In the case of red teaming and source code analysis, new tools can use large models to draw inspiration from vast bodies of technical literature such as CVEs, textbooks, blog posts, and RFCs to have a high level background understanding of their current task. Language models can be used to rapidly generate very creative methods for testing networks and applications. Instead of just predicting the next word, fine tuned language models for action generation could identify the next step. Even if many of the generated theories for accessing, as an example, restricted instances are wrong or hallucinated, a properly trained and deployed language model could be made to find a valid vulnerability on its 1000th attempt before a human red teamer were to make their second attempt. Generally, with red teaming the cost of creativity is high, while the cost of attempting an exploit can be relatively low. Similarly, new source code analysis tools can benefit from utilizing language models to draw inspiration from existing CVEs (and other technical write ups) to apply high-level knowledge to the codebases they are analyzing. Such a top-down approach does not exist with today’s near function or class level scoped automation tools. There is an opportunity for new tools to draw on general knowledge, inspiration from security literature, embeddings of the codebase being analyzer to create low level actions plans based on high level descriptions. While the outputs of language models are mired with hallucinations, the path to reaching these capabilities now appears attainable.
As an example, imagine a LangChain powered LLM application that is able to look up vulnerability classes for services in a Kubernetes deployment. Instead of predicting the next word, an LLM could be used to predict the next steps in service discovery or vulnerability assessment. Afterwards, upon identifying a flask based microservice, the LLM is given context of the deployment and is prompted to generate thousands of payloads at a high temperature to discover what endpoints it is able to reach. In this case, the LLM’s outputs are generated based on general knowledge about flask apps, authorization and authentication issues, as well as specific context information about the Kubenertes deployment it collected previously. There is a lot of promising research in large action models and the use of Reinforcement Learning to generate prompts may be able to achieve a goal pursuit mentality similar to that of a red teamer. LLMs possess a superset of human capabilities, they are not blocked from invoking the same command lines tools humans are, in fact GPT3 is readily able to invoke Nmap and maybe with a little luck, Metasploit. The Toolformer paper, which was recently published by researchers at Facebook, describes methods in which LLMs can be made to reach out to APIs
A survey of large models applied to security would be remiss without covering recent developments in natural language frameworks like LangChain to “chat-your-data”. By using data ingestion pipelines, and frameworks like LangChain and gpt_index layered on top of GPT3 there are now quick to market solutions for deploying natural language interfaces. Recently, Orca integrated with GPT3 to provide a chatbot interface to their CSPM. With further development and additional data ingestion, it may ultimately be possible to turn language models into cloud architecture assistants that aid security and SRE teams.

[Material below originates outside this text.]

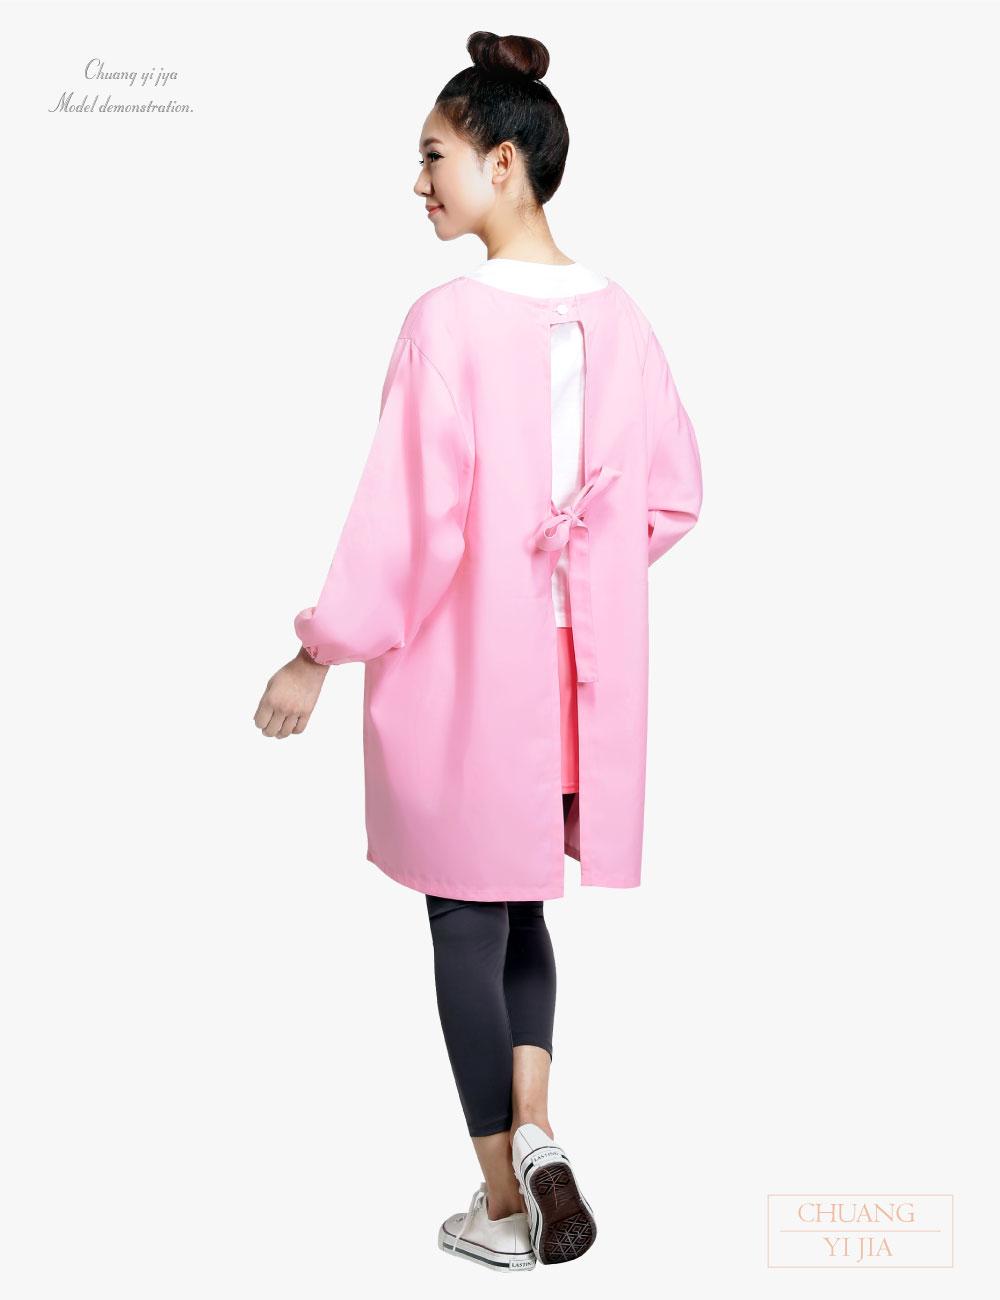 創意家團體服,台灣生產製造,圍兜,幼兒園圍兜,防水圍兜,防髒圍兜,大人圍兜,長袖圍兜,幼稚園老師圍裙

Much further out in the future, advances in multimodal models are likely to bring bidirectional image to text comprehension. Endpoint security is likely to be improved by models that can “visually” watch a user’s screen and understand user interactions rather than just raw access patterns to judge risk. Additionally, since no human is involved in this monitoring, it may help to alleviate some of the privacy and safety concerns that are making this type of monitoring increasingly illegal in some jurisdictions. Some researchers believe language models such as GPT3 are already able to display theory of mind, which is likely the level of understanding that will be necessary to thwart much more sophisticated social engineering and cyber attacks in the future. The EDR of the future may be a personal assistant that is able to understand technical events as well as its users’ social circles to help it mitigate anything from memory corruption attacks to phishing attempts. However, the question becomes, is there an opportunity to create such a security endpoint assistant, or will it be an emergent feature of a much more powerful large model? I believe emergent behaviors don’t come completely free, it is likely new training technology must be developed for those capabilities to present themselves.

How does information security factor into large models?

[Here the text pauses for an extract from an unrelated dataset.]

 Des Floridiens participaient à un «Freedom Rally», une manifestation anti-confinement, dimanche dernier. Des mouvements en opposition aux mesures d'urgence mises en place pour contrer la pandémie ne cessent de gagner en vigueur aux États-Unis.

Conversely, large models are not impervious to security afflictions. In fact, they introduce new attack surfaces which necessitate new methods for securing them.
Content moderation is essential for keeping training sets clear of unwanted content — illegal, hateful, harmful, and toxic topics and prompt injections. The scope of content moderation is likely to grow as more precedent is set through copyright case law. Content moderation may have to begin taking on the role of license moderation as well to determine whether content can be used in training. Currently no public content moderation tool exists for tagging data for the purpose of determining its eligibility for being used in training, as defined by an organization’s data governance policies.

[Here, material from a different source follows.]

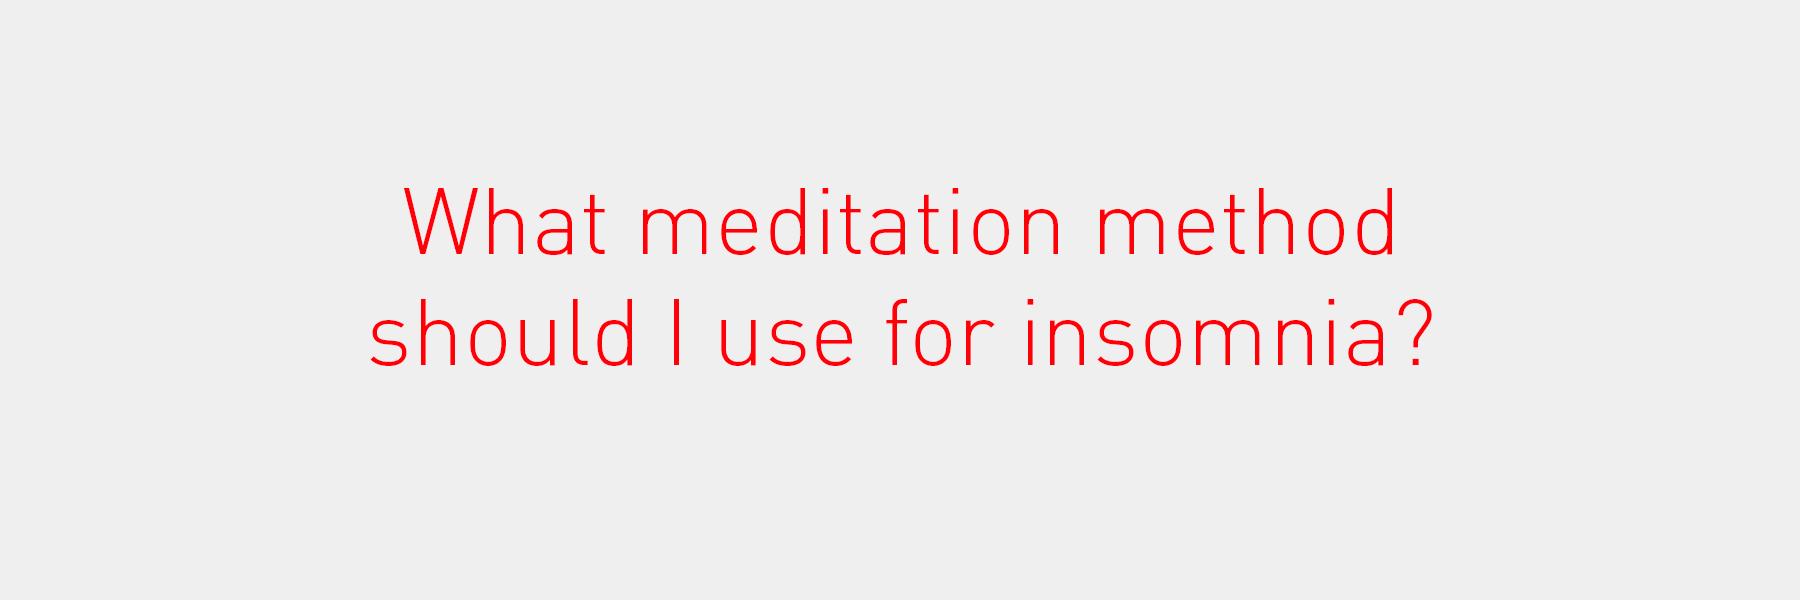 What meditation method should I use for insomnia?

Furthermore, it is not sufficient for AI API vendors alone to implement inference controls such as content moderation. As the underlying technology of large models is replicated and commoditized, the use of private large models will become ubiquitous. As the internet will likely begin to fill up with generative AI content like it did with spam, content moderation will become important for ordinary users, perhaps becoming as necessary and as ubiquitous as a core web browser feature. There will be opportunities for content moderation providers to offer new capabilities for determining authenticity in its many forms, is a picture unaltered, is a text message likely to have been sent by someone’s family, is a voice recording completely generated, is an highly regulated industry employee’s presentation using LLMs against company policy, etc.
In the cyber security threat space, we may even begin to see offline models created and sold specifically for nefarious purposes such as sophisticated phishing and social engineering campaigns.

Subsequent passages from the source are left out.